Your objective: Before copying, set the pictures aside; then repeat every line below verbatim.

Data:
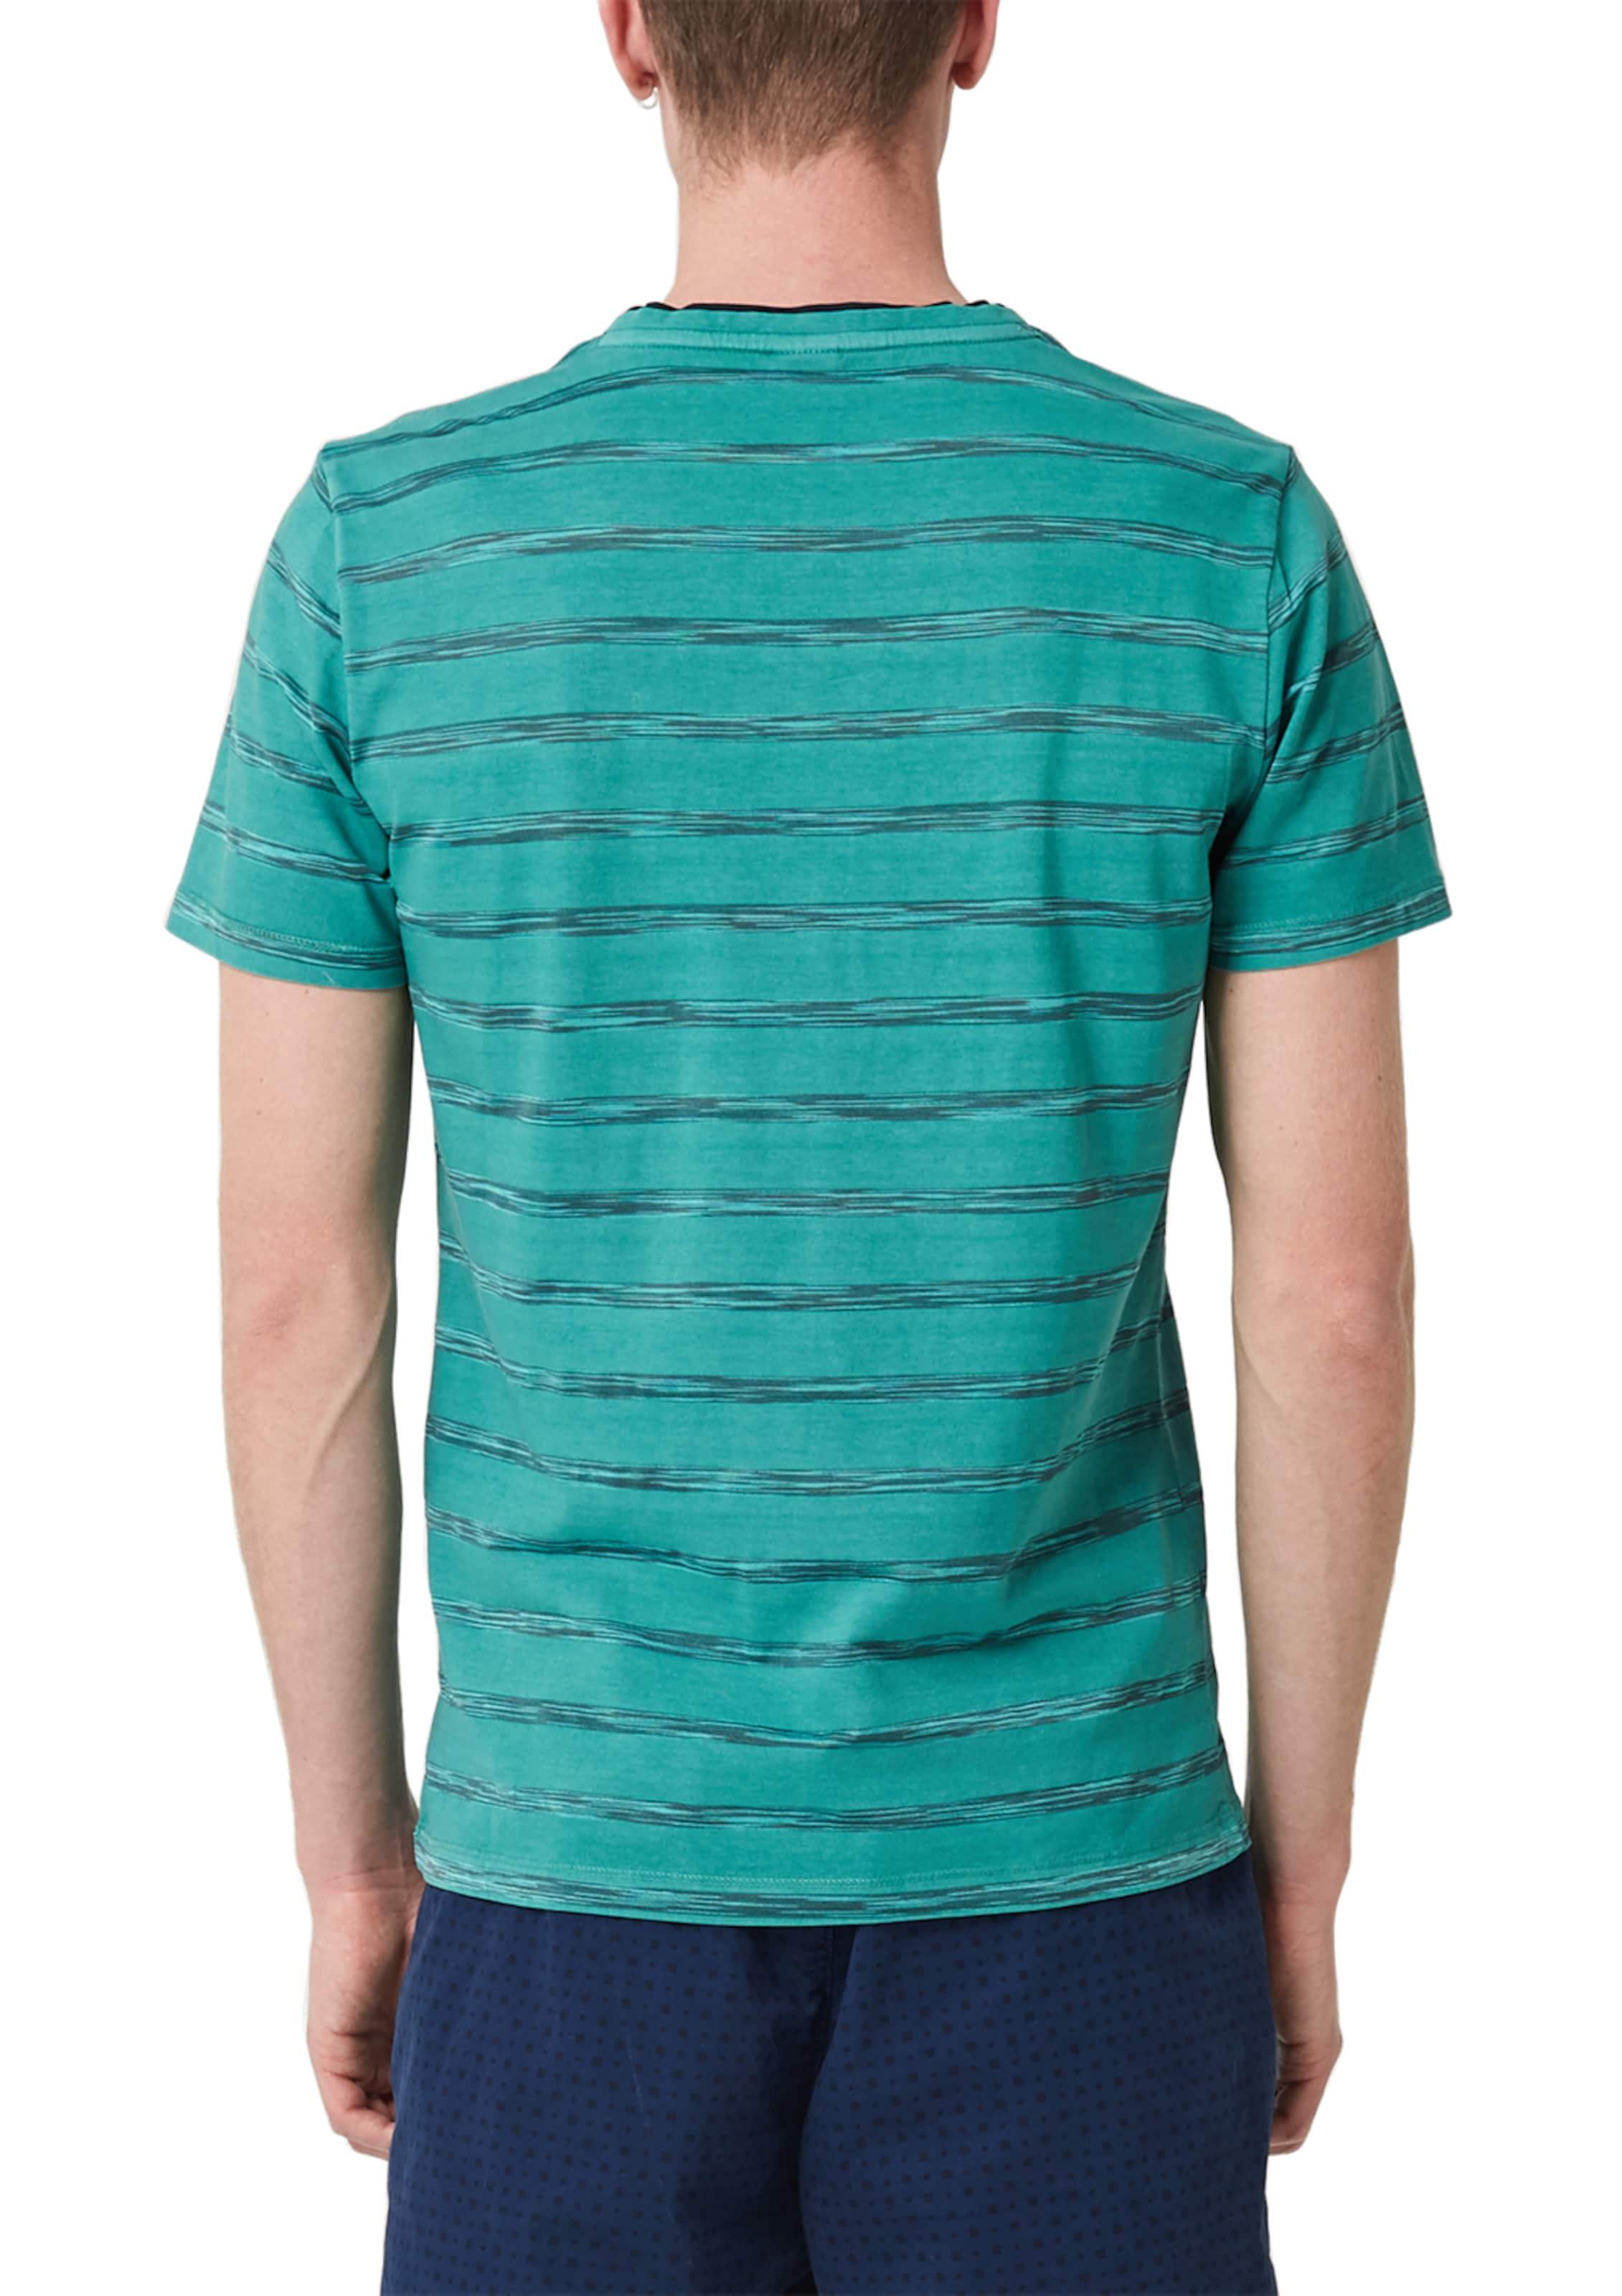 Pastellblau S oliver Shirt Red Label In w8POn0k
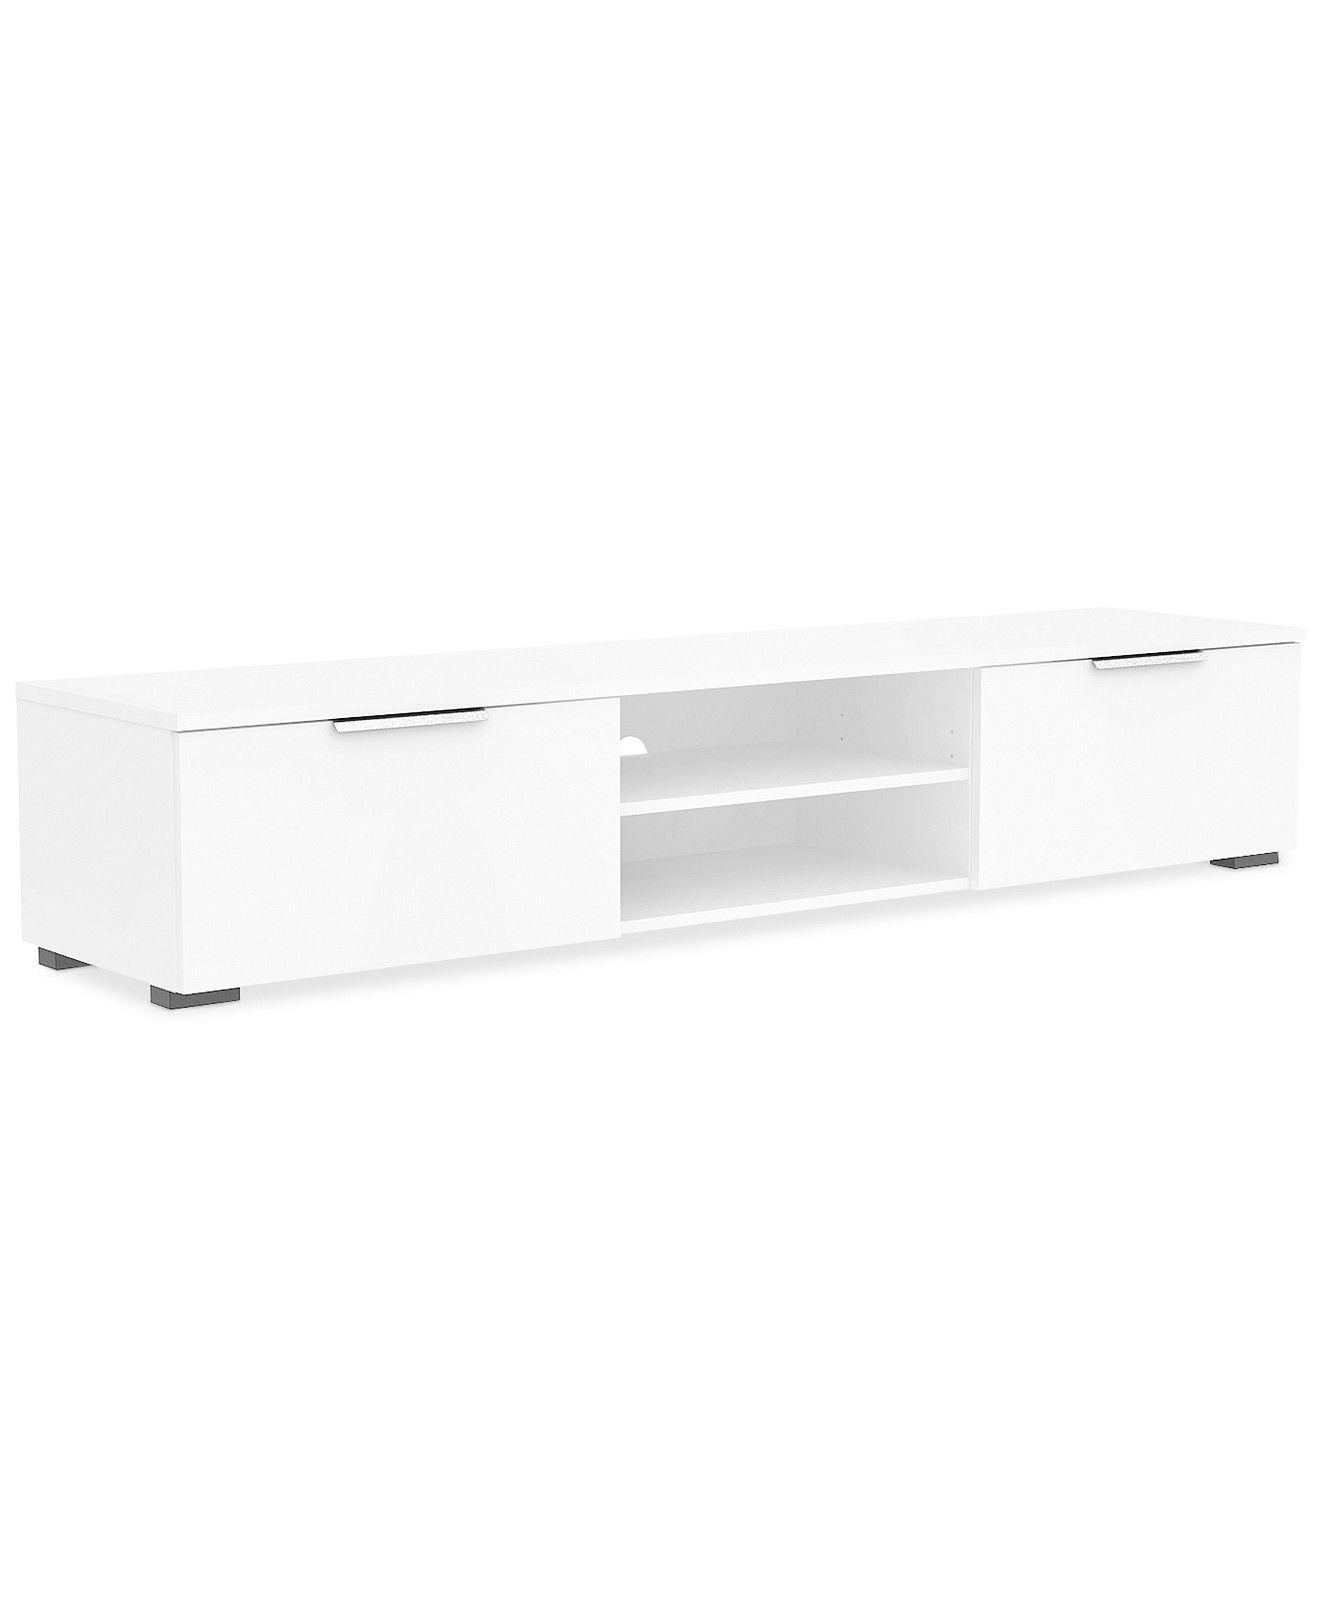 Tvilum Roswell Ready To Assemble Tv Unit Direct Ship Furniture Sale Furniture Macy S Tv Stand Tvilum Mattress Furniture
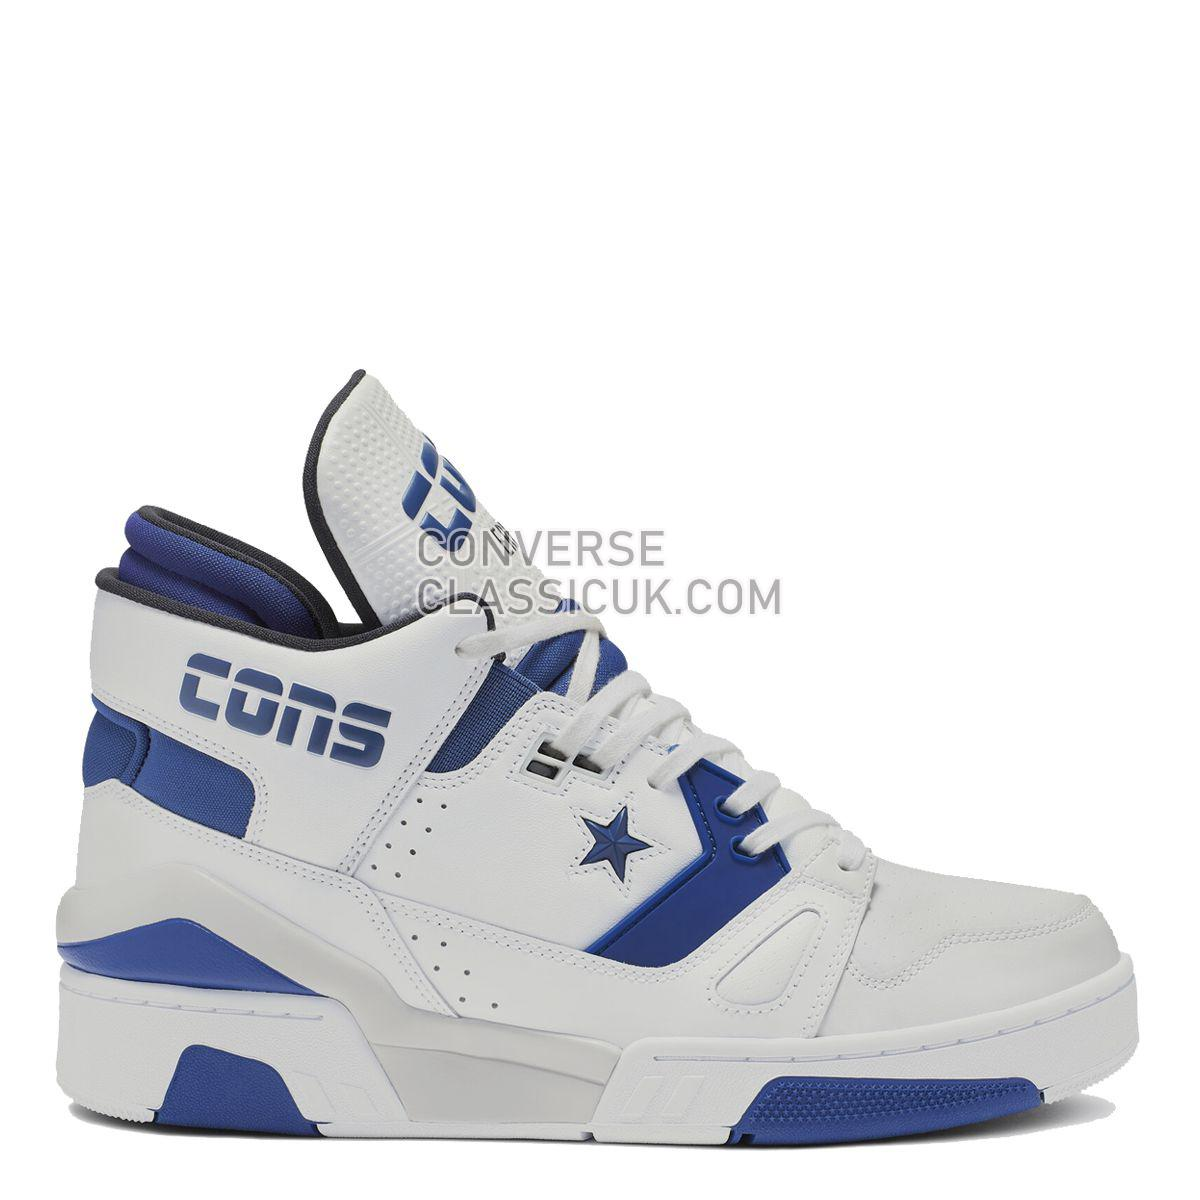 Converse ERX 260 Mid Lake Blue Edition Mens 163851 White/Royal Shoes

Response area:
 Pastellblau S oliver Shirt Red Label In w8POn0k
 Tvilum Roswell Ready To Assemble Tv Unit Direct Ship Furniture Sale Furniture Macy S Tv Stand Tvilum Mattress Furniture
 Converse ERX 260 Mid Lake Blue Edition Mens 163851 White/Royal Shoes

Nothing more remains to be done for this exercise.